■ Available data
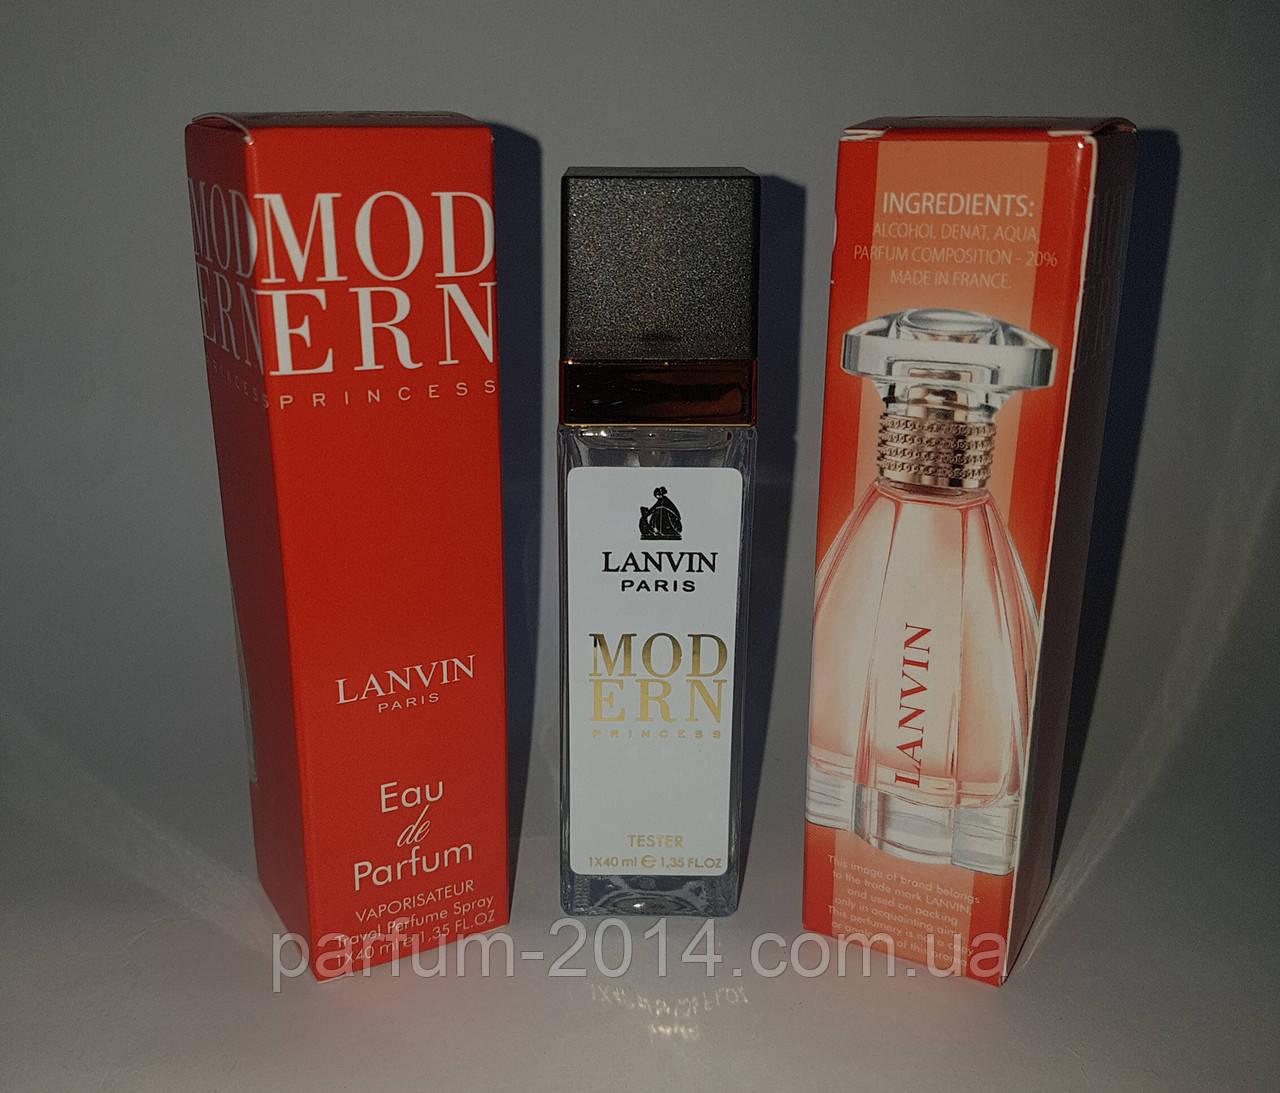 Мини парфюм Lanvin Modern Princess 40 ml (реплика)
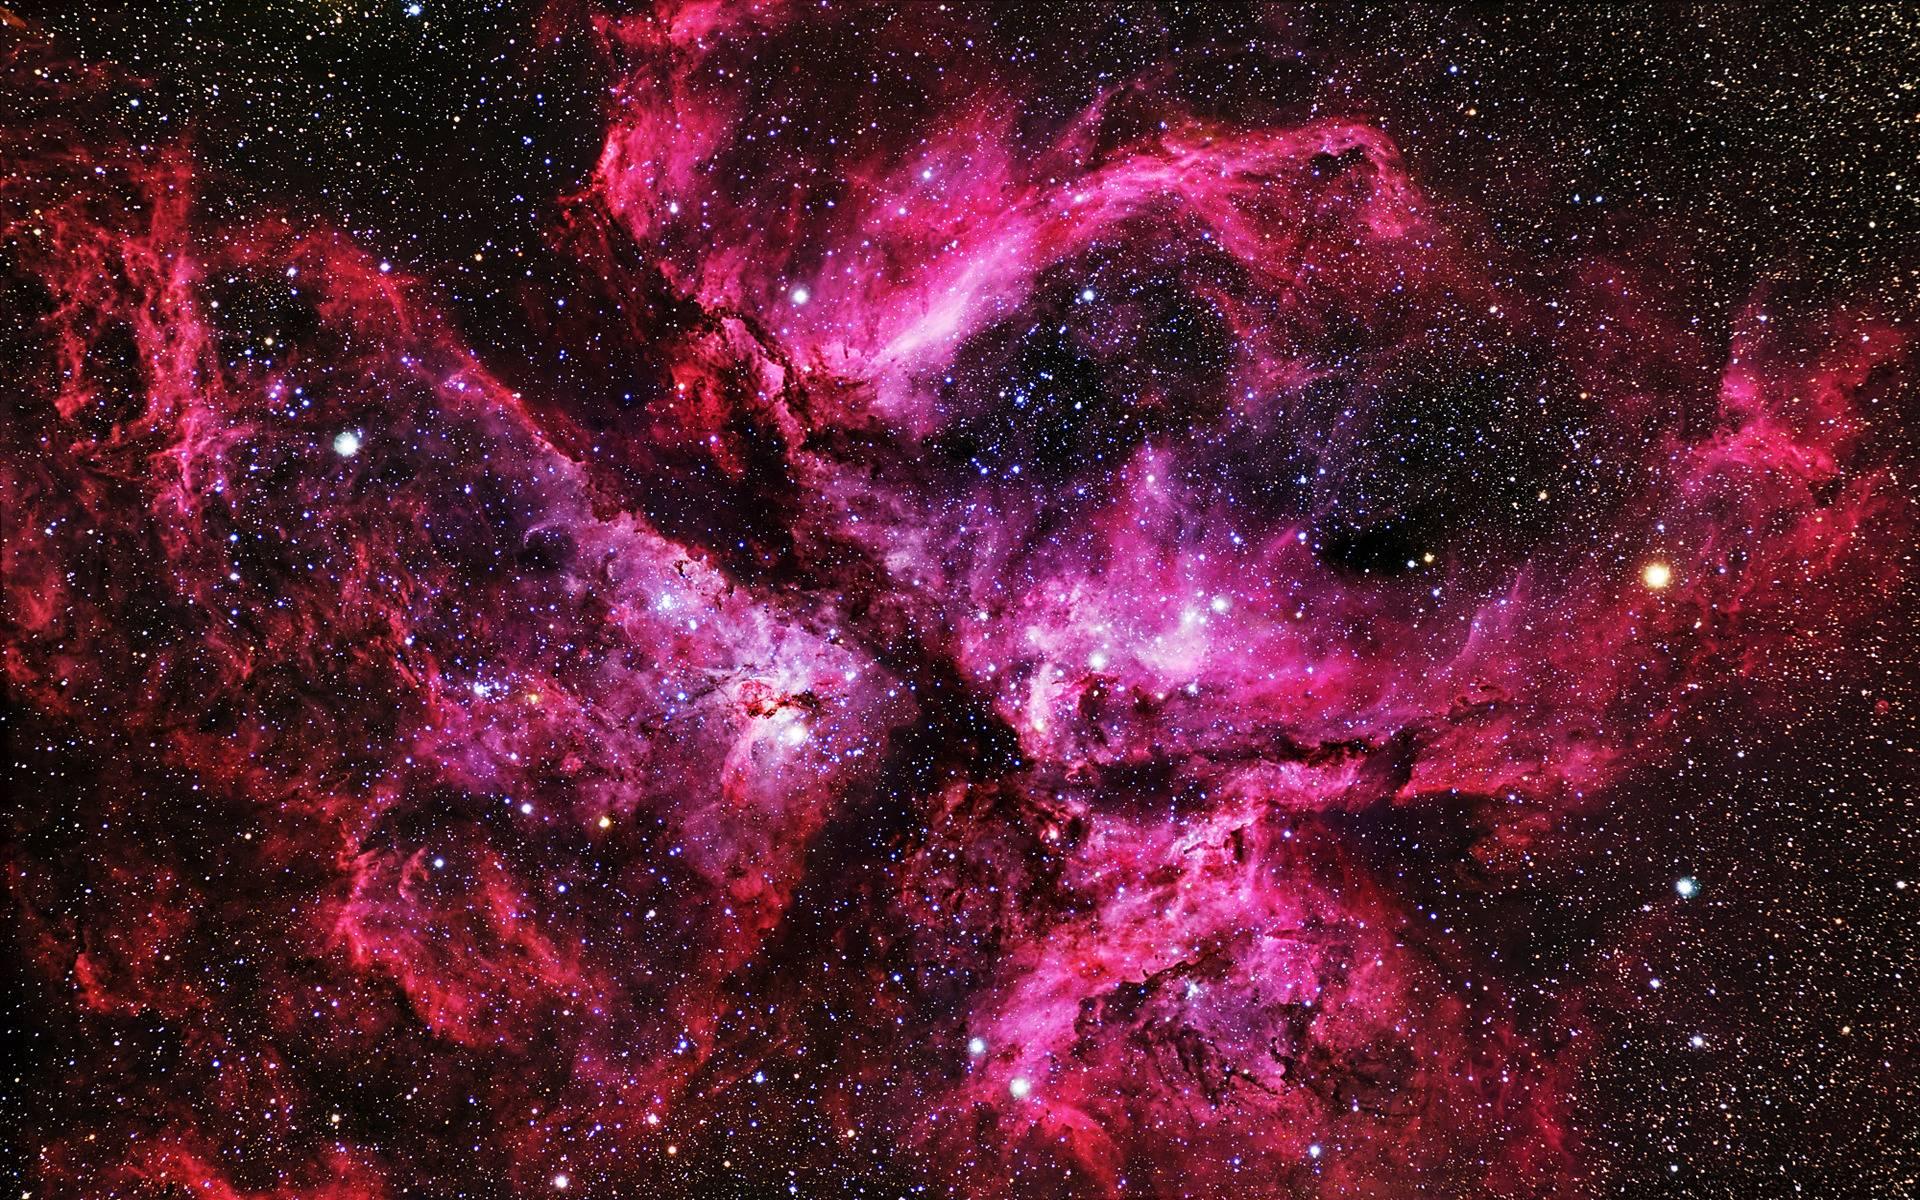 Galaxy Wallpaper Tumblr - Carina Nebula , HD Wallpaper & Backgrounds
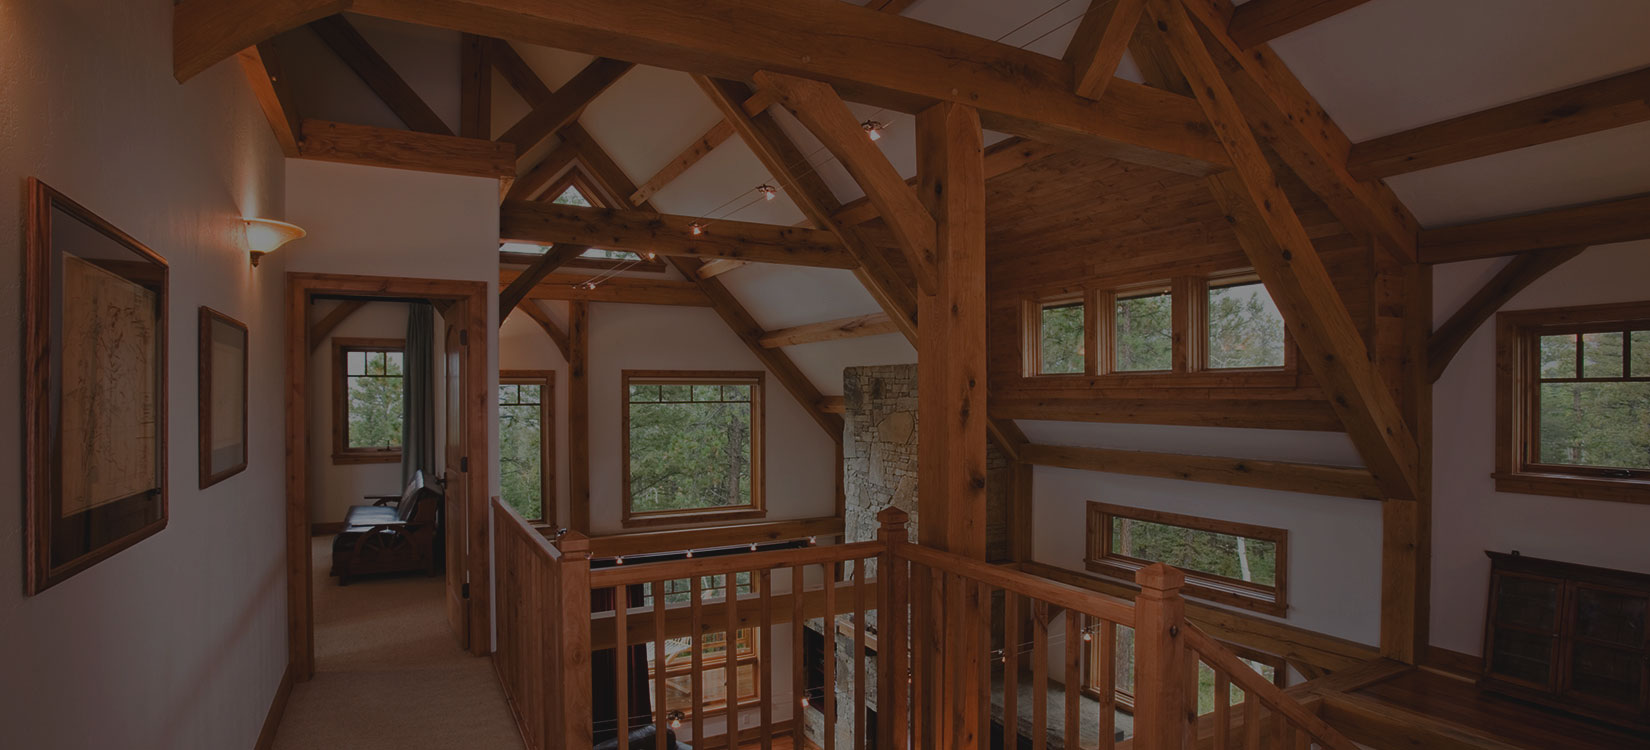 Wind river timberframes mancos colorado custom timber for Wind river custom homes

■ Aim of the task
If the data includes images, omit them, and set down everything else exactly as above.

■ Written answer
 Мини парфюм Lanvin Modern Princess 40 ml (реплика)
 Galaxy Wallpaper Tumblr - Carina Nebula , HD Wallpaper & Backgrounds
 Wind river timberframes mancos colorado custom timber for Wind river custom homes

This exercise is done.